Makefile:16: recipe for target 'ptouch-770-write.o' failed
make: *** [ptouch-770-write.o] Error 1
/Haiku/home/ptouch-770> pkgman install devel:libudev
100% repochecksum-1 [65 bytes]
Validating checksum for Haiku...done.
100% repochecksum-1 [64 bytes]
Validating checksum for HaikuPorts...done.
*** Failed to find a match for "devel:libudev": Name not found
/Haiku/home/ptouch-770> pkgman install devel:udev
100% repochecksum-1 [65 bytes]
Validating checksum for Haiku...done.
100% repochecksum-1 [64 bytes]
Validating checksum for HaikuPorts...done.
*** Failed to find a match for "devel:udev": Name not found

Probably udev is too Linux-y, and hence does not exist on Haiku. Which means that we need to patch the source code that we are trying to compile here.

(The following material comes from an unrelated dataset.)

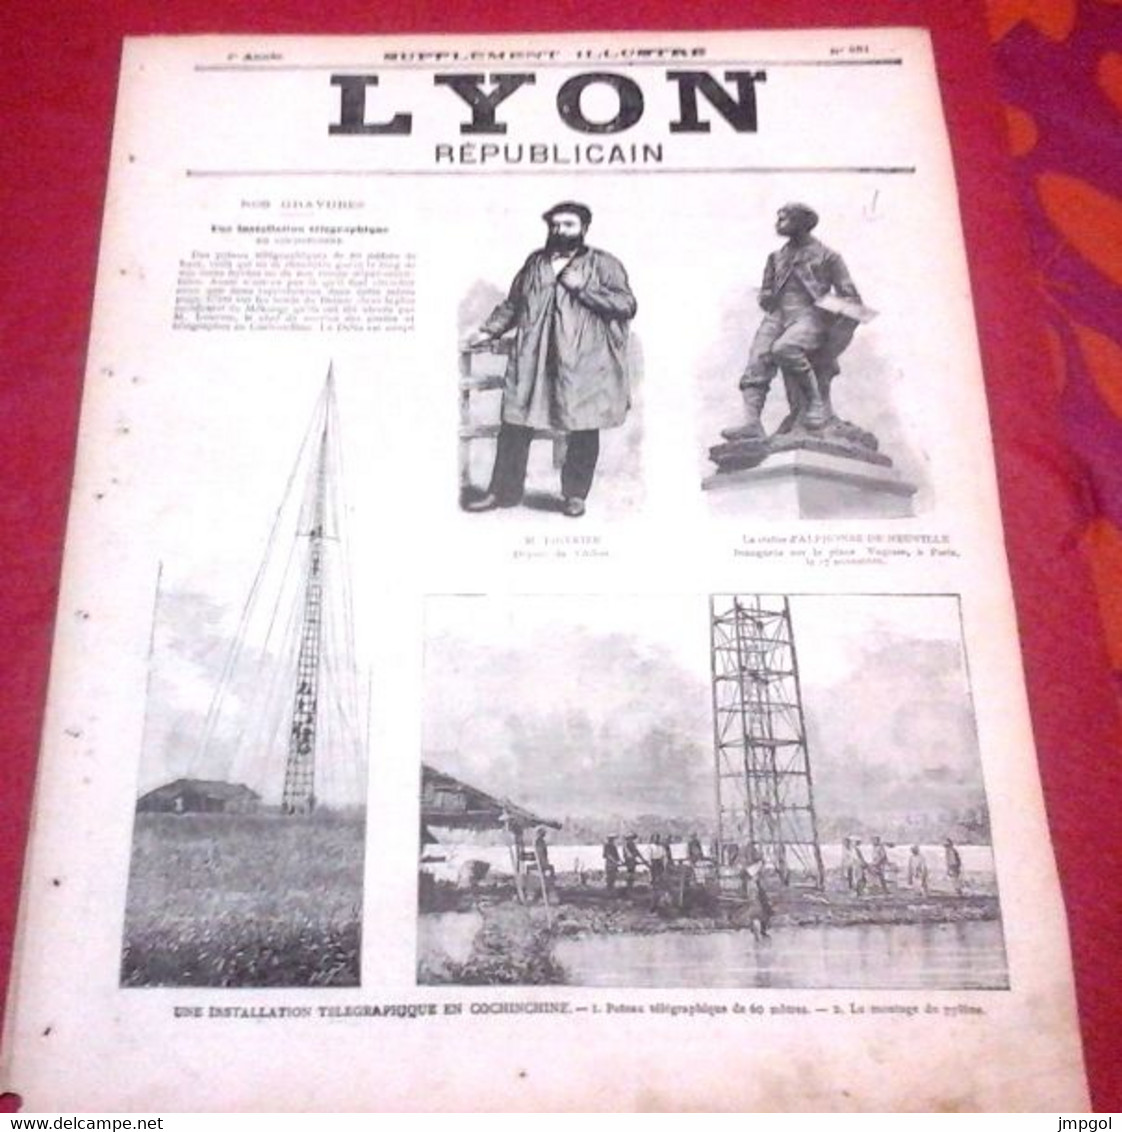 Lyon Républicain Supplément Illustré N°461 1889 M. Thivrier Député Allier Montluçon Commentry,Télégraphe Cochinchine - 1850 - 1899

Uh, this is way over my head. I would not know where to even start.

Third try

I think it would be useful to have tmate available on Haiku, so that I could let Haiku developers have a terminal session into my machine in case things go wrong. Instructions say it’s a matter of

./autogen.sh
./configure
make
make install

Doesn’t look too bad, so why not give it a try on Haiku, shall we?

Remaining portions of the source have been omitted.